I don’t know. But what comes through will have to feed.
I nodded. “Right. And Vegas has all those free buffets.”
Molly closed her eyes in frustration. I had never seen that expression on a dog before.
No. Listen. There’s a guy named Albert Marconi. He does these conferences on the occult, he’s having one there at the Luxor, that’s the big casino shaped like a black pyramid. We’re going to go there.
“Wait. How do you know this?”
Because it’s already happened.
“That doesn’t make any-”
“Woof!”
CAT! CAT! CAT! CAT!!!
Molly was up in the seat, jamming her head out the half-open passenger window.
“John…”
“WOOF! WOOF! WOOF! WOOF! WOOF! WOOFWOOFWOOFWOOF!!!”
Cat!! Cat! Cat!!! Cat!!! CAT!! CAT!!!! CAAAATTT!!!
A filthy gray cat zipped across the trailer park, across the front of the car and off into the distance. Molly pulled her head inside and tromped over to the driver’s-side window, stomping on my crotch and shouting “CAT!!!” the whole way. It took ten minutes to get the dog calmed down, at which point she promptly curled up and went to sleep in the passenger seat.
“John?”
The dog farted. I got nothing else out of her the rest of the night.
CHAPTER 5. Riding with Shitload
I DROVE TOa convenience store and bought a road atlas. Back in my car I unfolded it in my lap and drew out the path to Las Vegas with an ink pen. Was I actually doing this?
I knew I would need cash for gas and to replace the several vital parts of the Hyundai’s drivetrain that would likely shatter over the course of the long drive. I had nothing in the bank. This seemed to be a rather major problem, but within a few seconds of watching the sunset in the convenience store’s parking lot, a plan popped into my head, fully formed and alien. I had learned to accept such things in the last few hours.

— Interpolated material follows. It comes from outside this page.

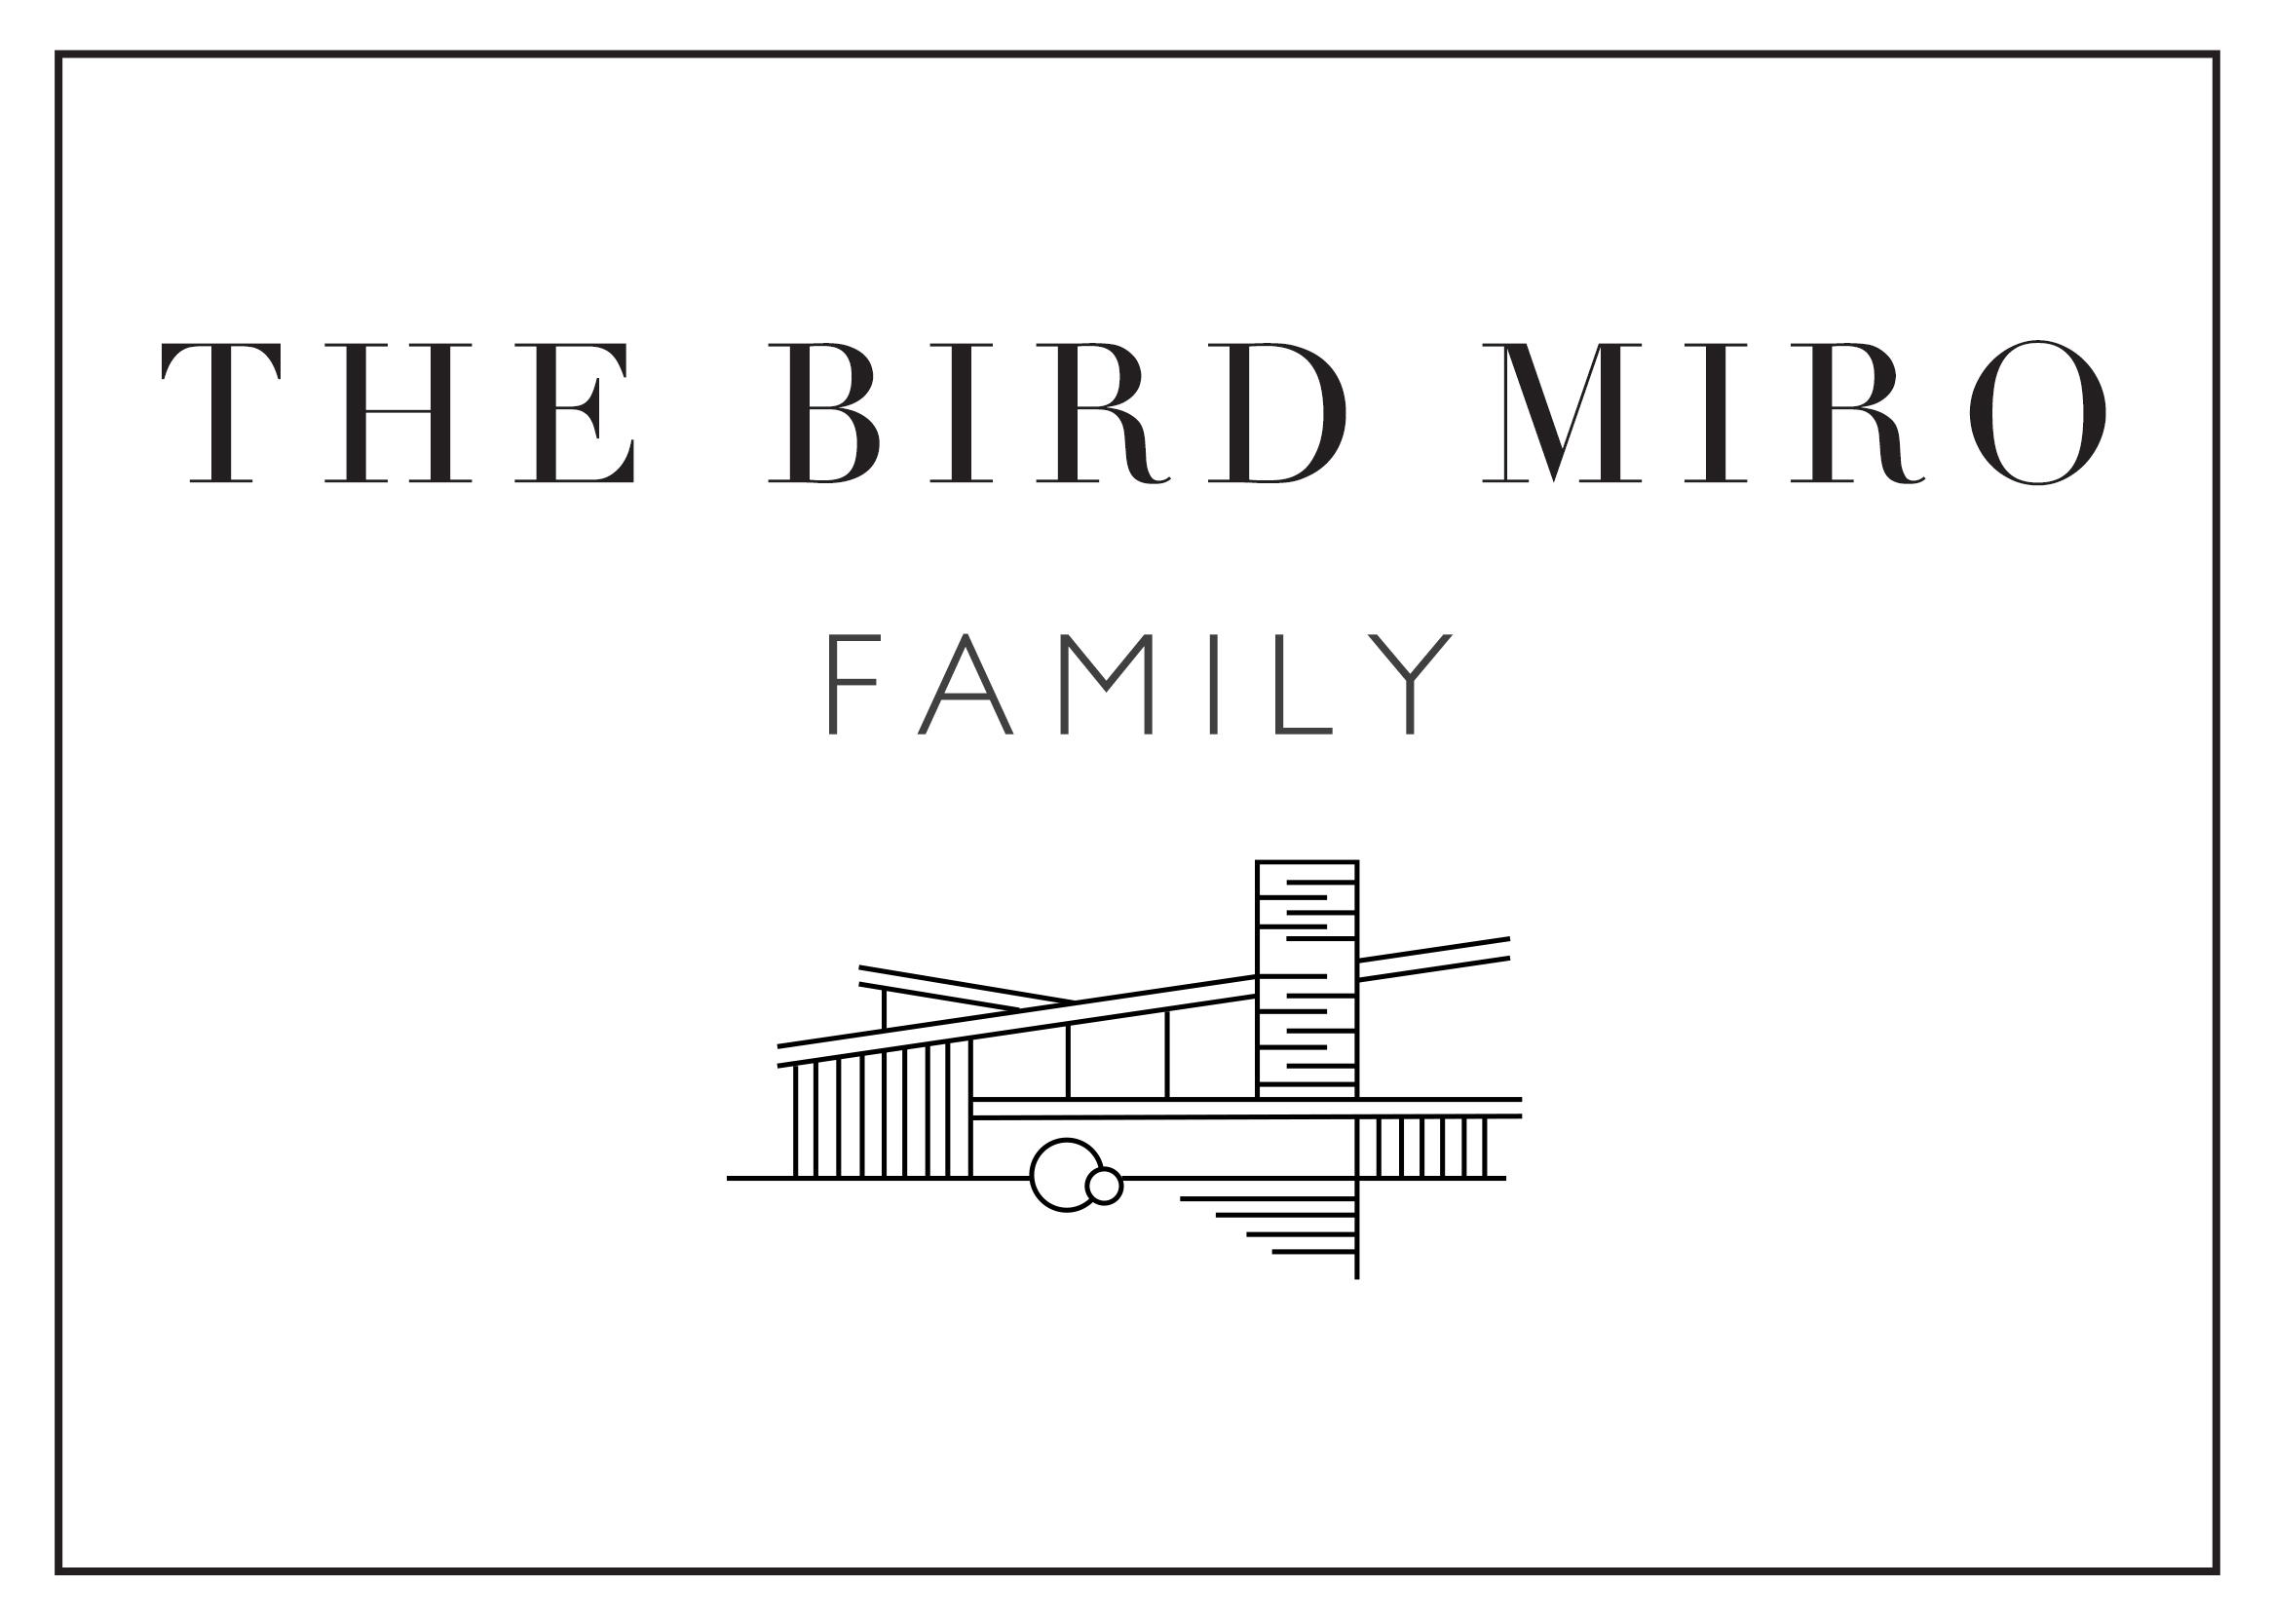 Bird Miro Family.jpg

This wasn’t Dave thinking.
This was soy sauce thinking.
I drove downtown, scanning the alleys until I saw a rail-thin Mexican kid standing by a Dumpster wearing a St. Louis Rams jacket. The kid was wearing the jacket, not the Dumpster. I calmly stepped out of my Hyundai, smiled broadly at him.
I had never met him before.
I had no idea what I was doing.
Without hesitation, I heard myself say, “Yo. Mikey said you got a package for me.”
What the fuck.
The kid squinted at me, didn’t move. “Who the fuck are you?”
The kid moved slightly, the bottom of his Ram’s jacket sliding up his skeletal frame. The gun sticking out of the kid’s jeans was black and sleek, looking like something that could shoot lasers. The irony that he was able to afford a nicer gun than the Undisclosed Police Department gave Detective Freeman would have amused me if I wasn’t busy picturing the kid pumping six bullets into my forehead with it.
Again, I heard myself speaking. A single word that to me, had no meaning.